* _What needs to be done_
Return exactly, with nothing added, the lines from the one that contains "Sunsets, Astrophotography &" through the end of the listing below, pictures excluded.

══ Collected data

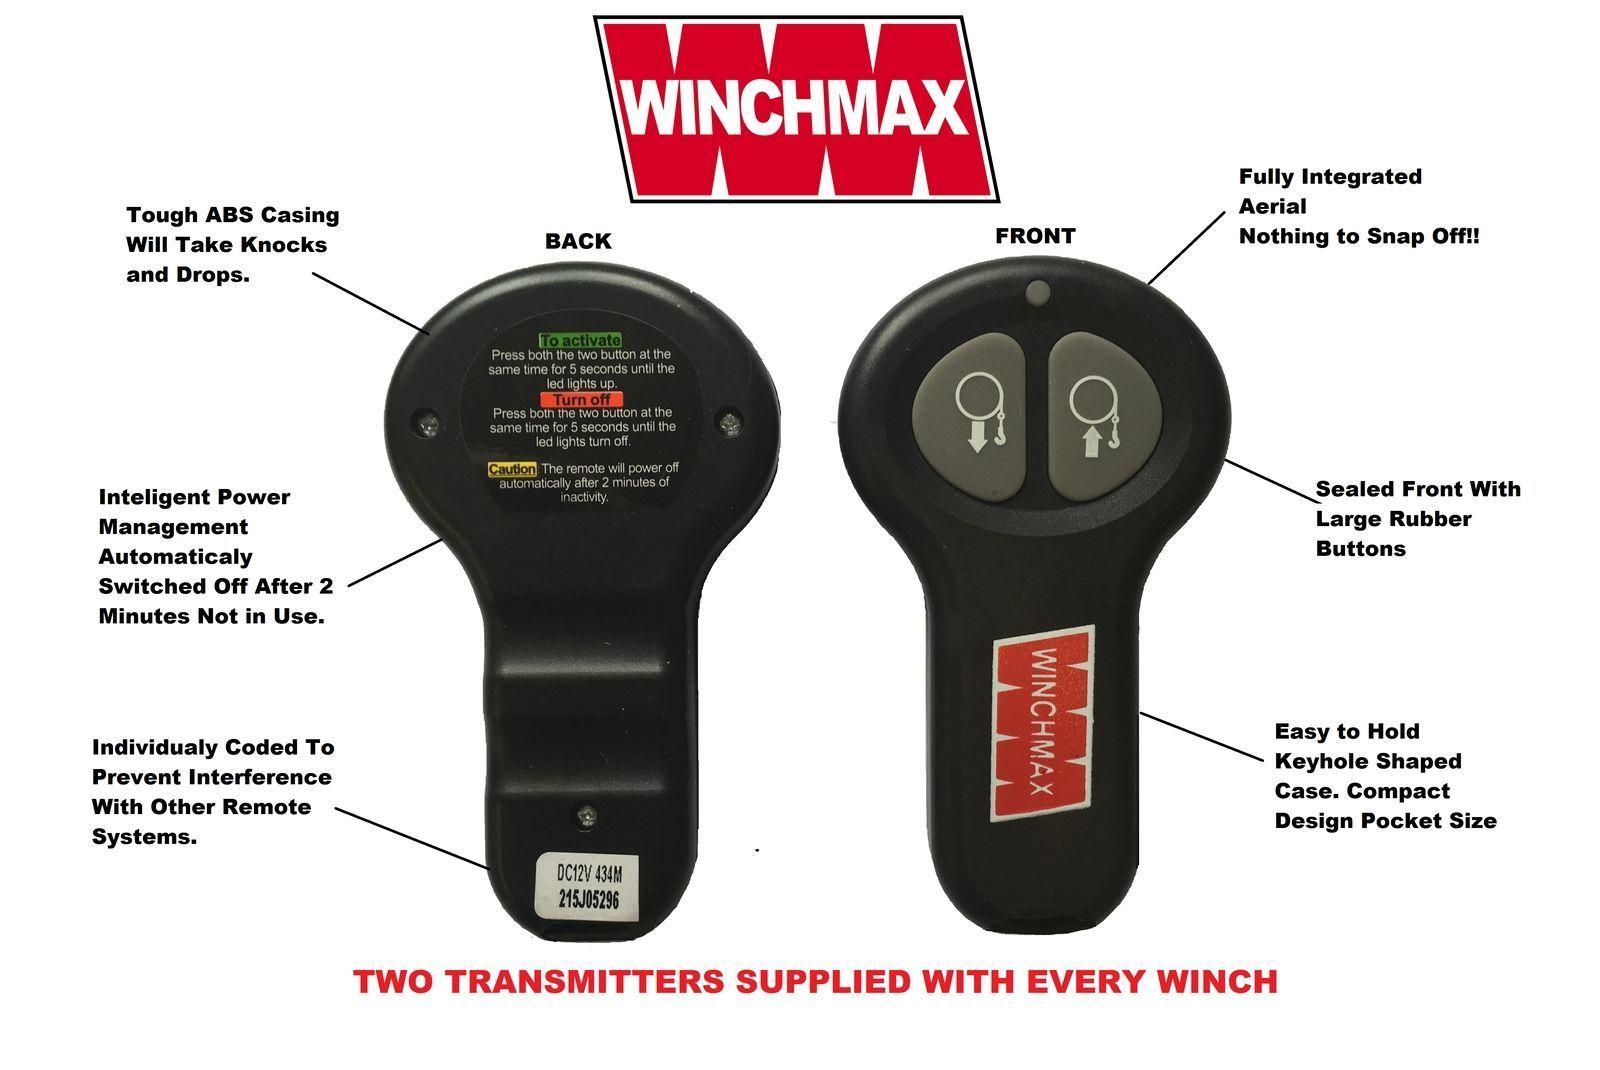 Wireless Winch Remote Control Twin Handset Winchmax Brand Manual Guide
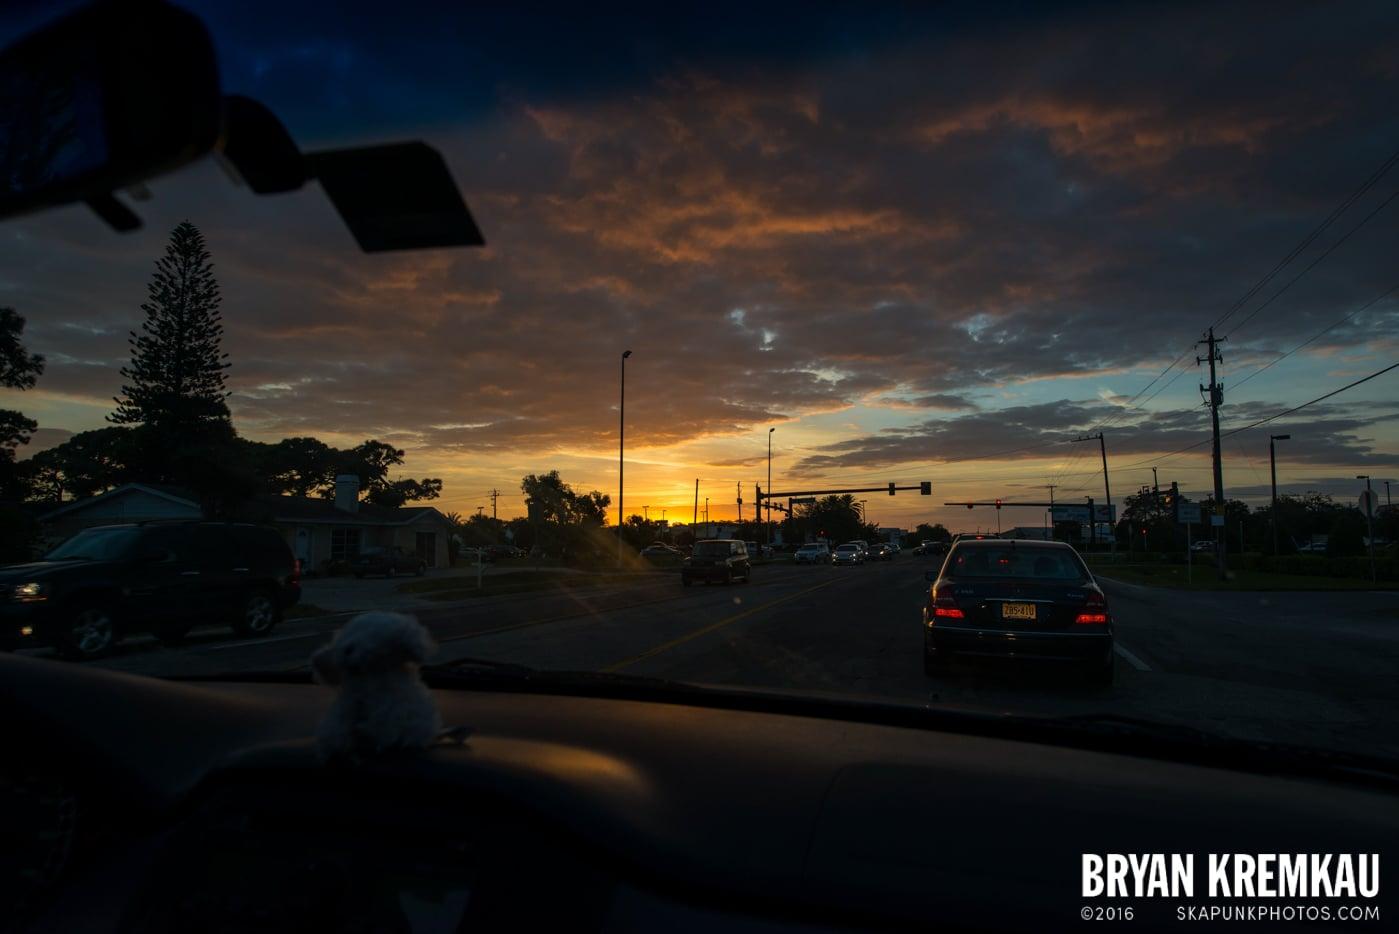 Sunsets, Astrophotography & Birds @ Venice, Florida - 10.25.14 - 11.5.14 (66)
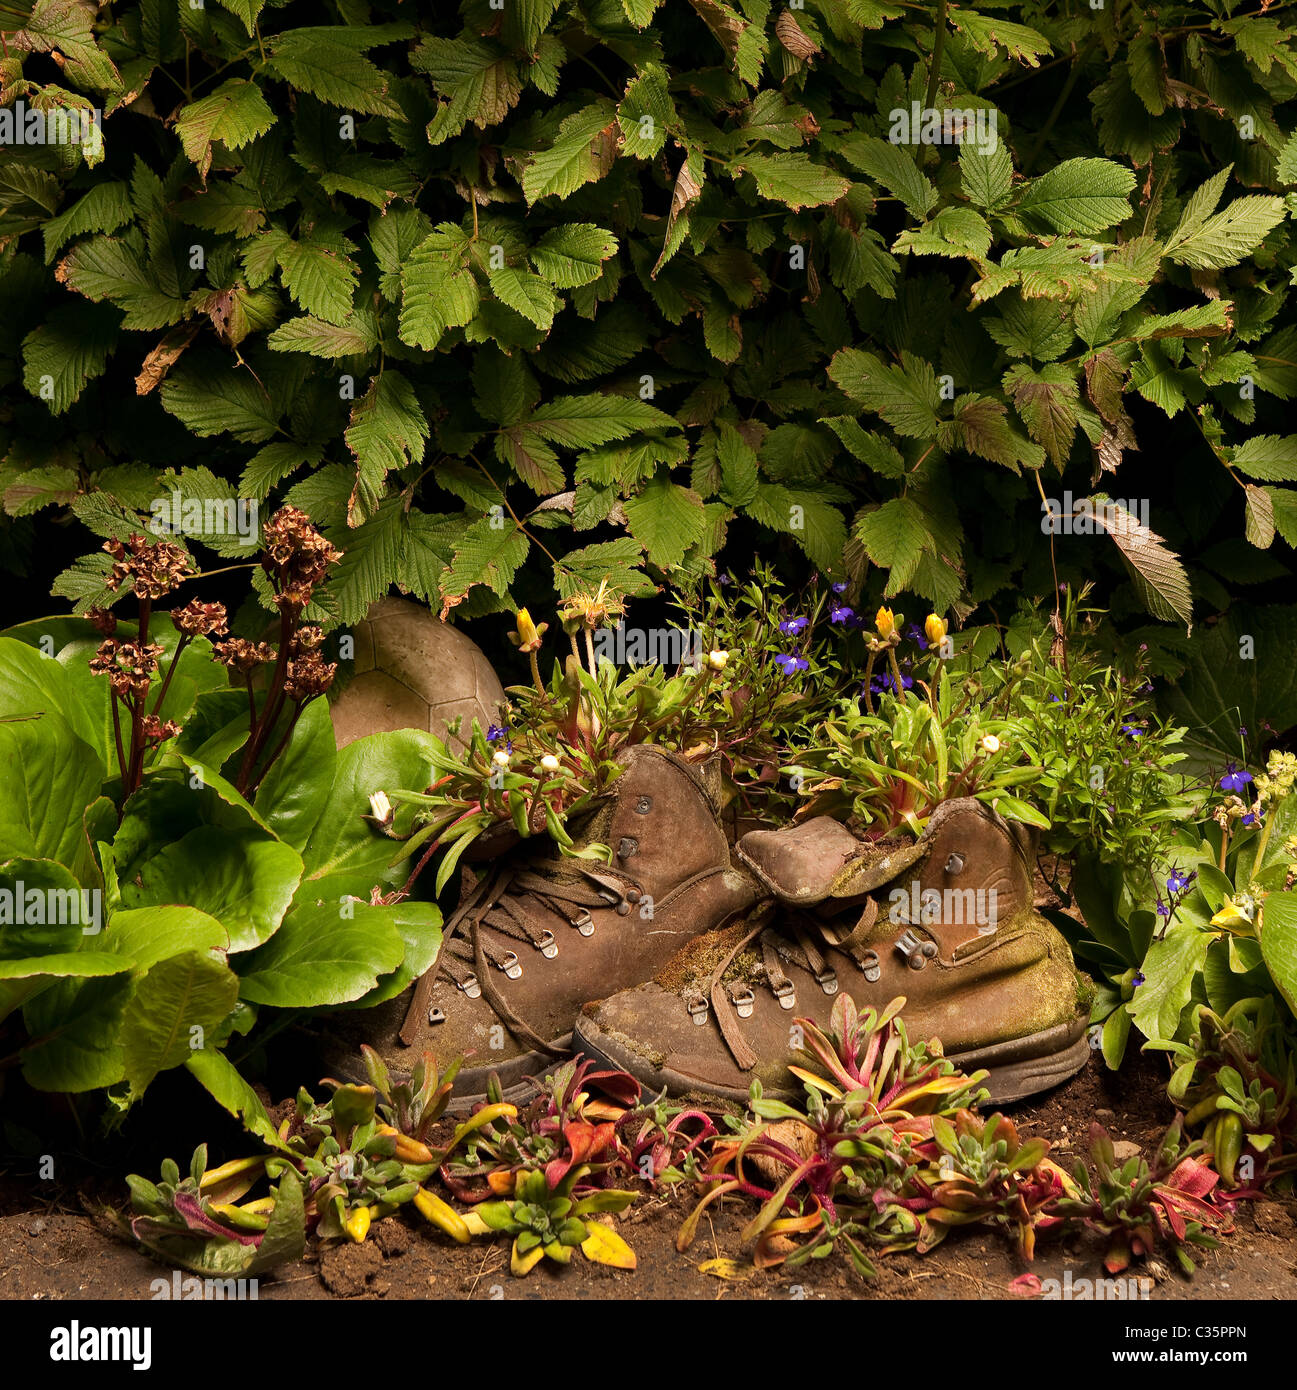 Atlantic Garden Stock Photos & Atlantic Garden Stock Images - Alamy

════

* _Result for this exercise_
 Sunsets, Astrophotography & Birds @ Venice, Florida - 10.25.14 - 11.5.14 (66)
 Atlantic Garden Stock Photos & Atlantic Garden Stock Images - Alamy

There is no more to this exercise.